I had plans. We all have plans of some sort—I heard about a kid who planned to stay on the couch for three to five years locked into waist-high stack of video games like a prisoner to the virtual. His mom nixed that plan when she ‘accidentally’ spilled a flower vase full of water on the PS3. He couldn’t afford to replace the machine, so she made him get a job to pay for a new one. That started a new plan for him.

 

My plan ended up getting nixed by a none-too-subtle failure of willpower. It was a recurring problem for years there. I’m not a teen anymore and it still creeps up on me every now and again.
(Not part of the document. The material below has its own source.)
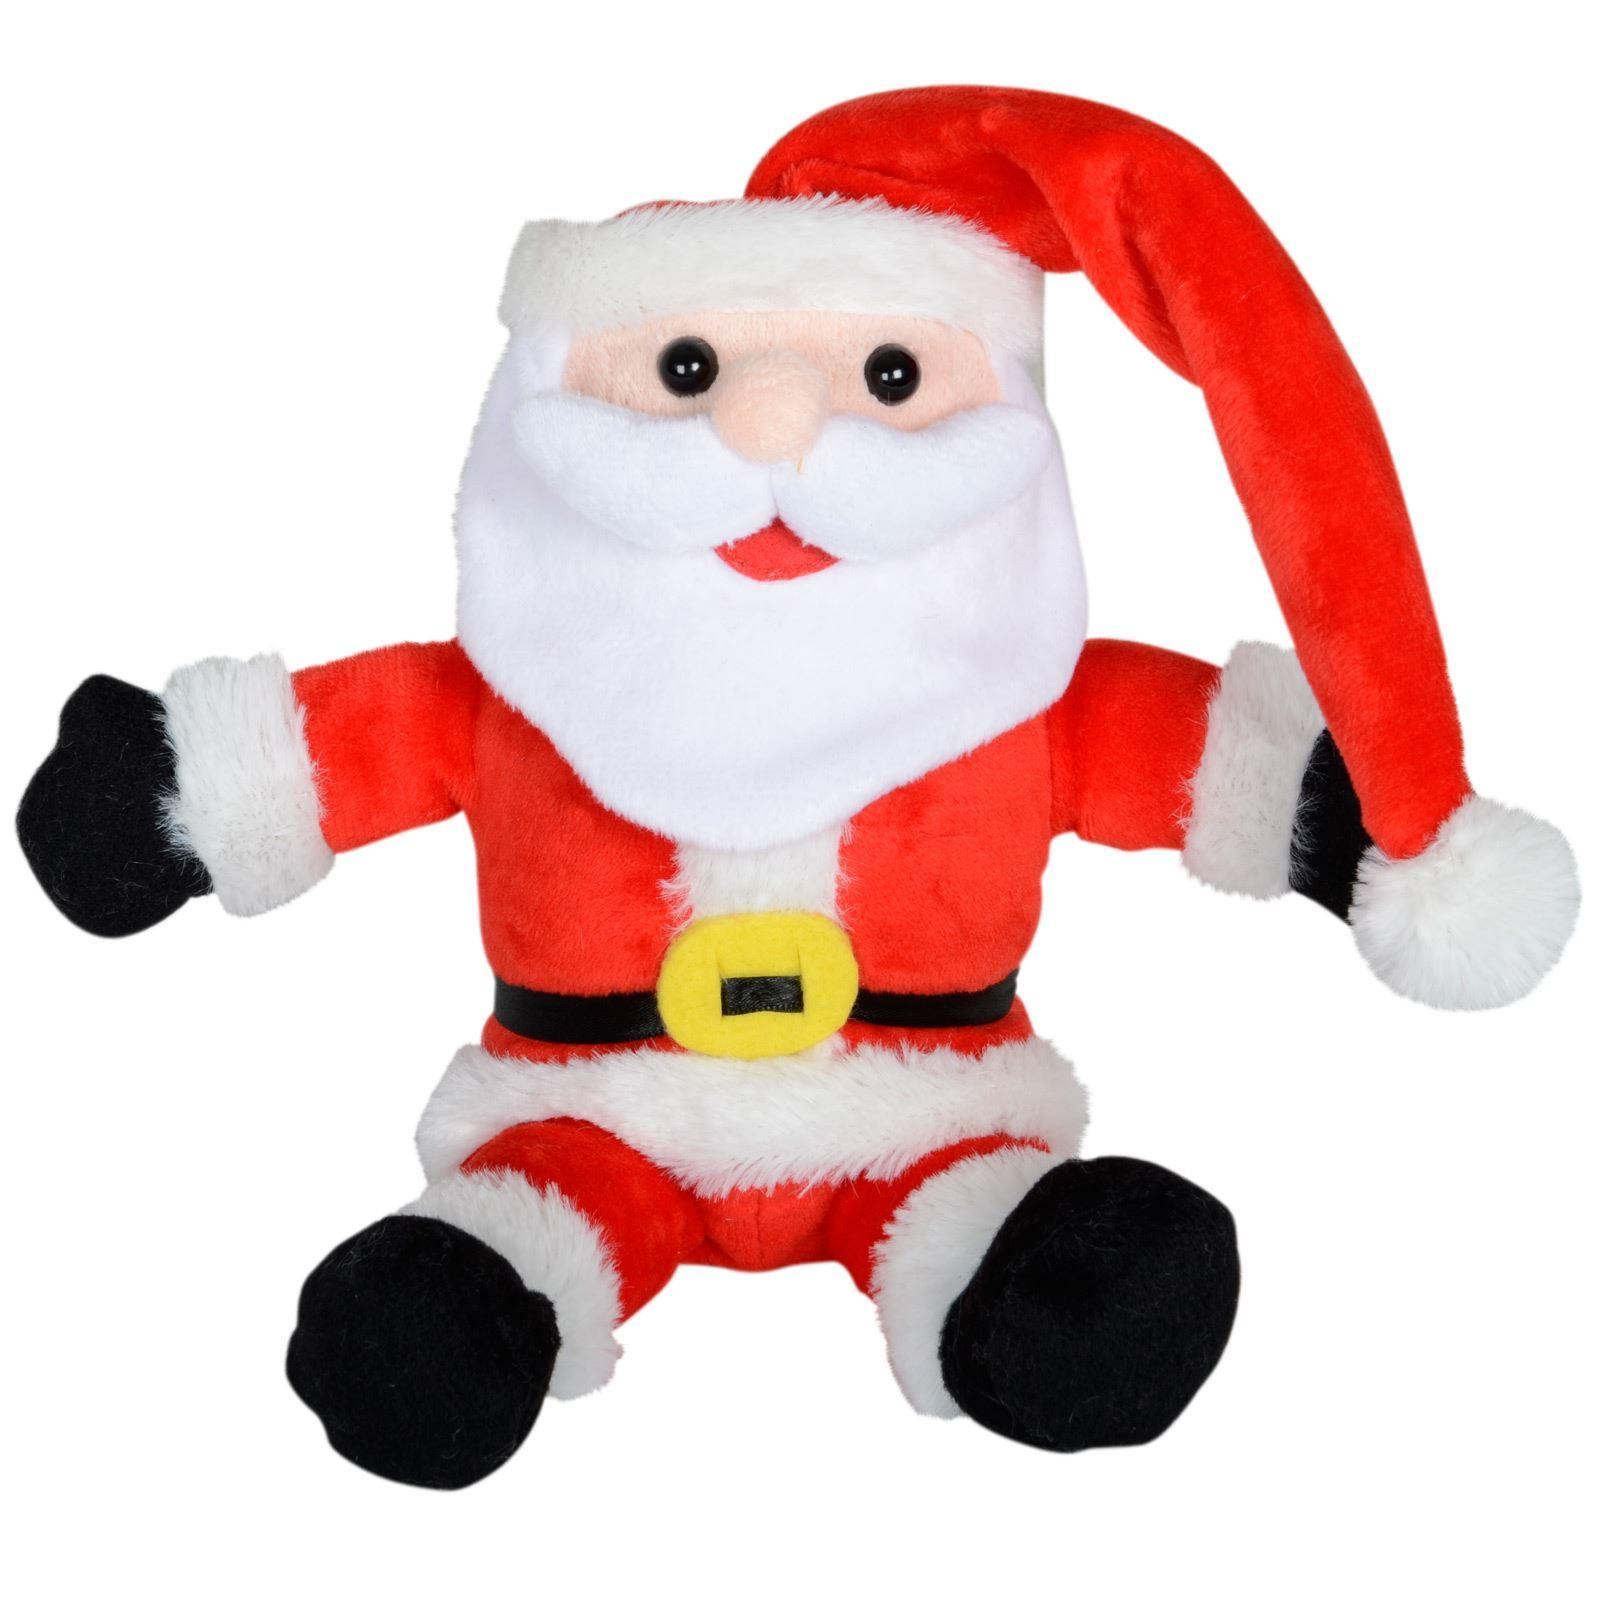 Mr Crimbo 12" Laughing Santa Animated Christmas Decoration - MrCrimbo.co.uk -XS3554 - -animated chirstmas decorations

I’ve made plans, failed plans, and changed plans and all the while I’ve tried to cling to the tiniest sliver of that idealism that made me feel like I would conquer the world.

 

Nowadays I just want to conquer a story.

 

Some Thoughts:

  1. There may be something wrong with me. I mean doctor time wrong. I’m getting fatigued and ready for sleepyland at 9pm… That wipes out all the time possible to be productive. It may be that I have to go back to night coffee.

1670. ?

I’m bitter about football, so I’m going to rant…

 

Some Thoughts:

  1. Geno Smith is garbage. I’m sure he could dominate the league in my adult flag football league or even in the Semi-pro tackle league I used to play in out here. Heck, I even think he could do something for the Argonauts. That’s not the NFL though. In the NFL Geno Smith is garbage.
  2. Idzik is garbage too! He hasn’t been productive in the draft and showed quite clearly he was more interested in sitting on the salary cap space than putting the money towards the pair of corners that coach needed in order to execute his defense. So what happened? The D was exposed. Now Ryan is going to lose his job, Geno might keep his job, and the Jets continue to suck.
  3. They don’t suck as much as the Giants. How do you blow a 21 point second half lead to the Jaguars? I’ll tell you how: Larry Donnell fumbles the ball on a drive, attitudes fall to crap, and the crap collects speed as it rolls downhill. The Jaguars were suddenly running and throwing downhill and there was nothing the G-men could do about it.
  4. I’m a physical mess… 9:30 and I want to go to bed. My body is for poop. I’m stressed, tired, and somewhat done with this whole teaching thing (till 2015). I’m ready to step away from the classroom and start the hard core writing.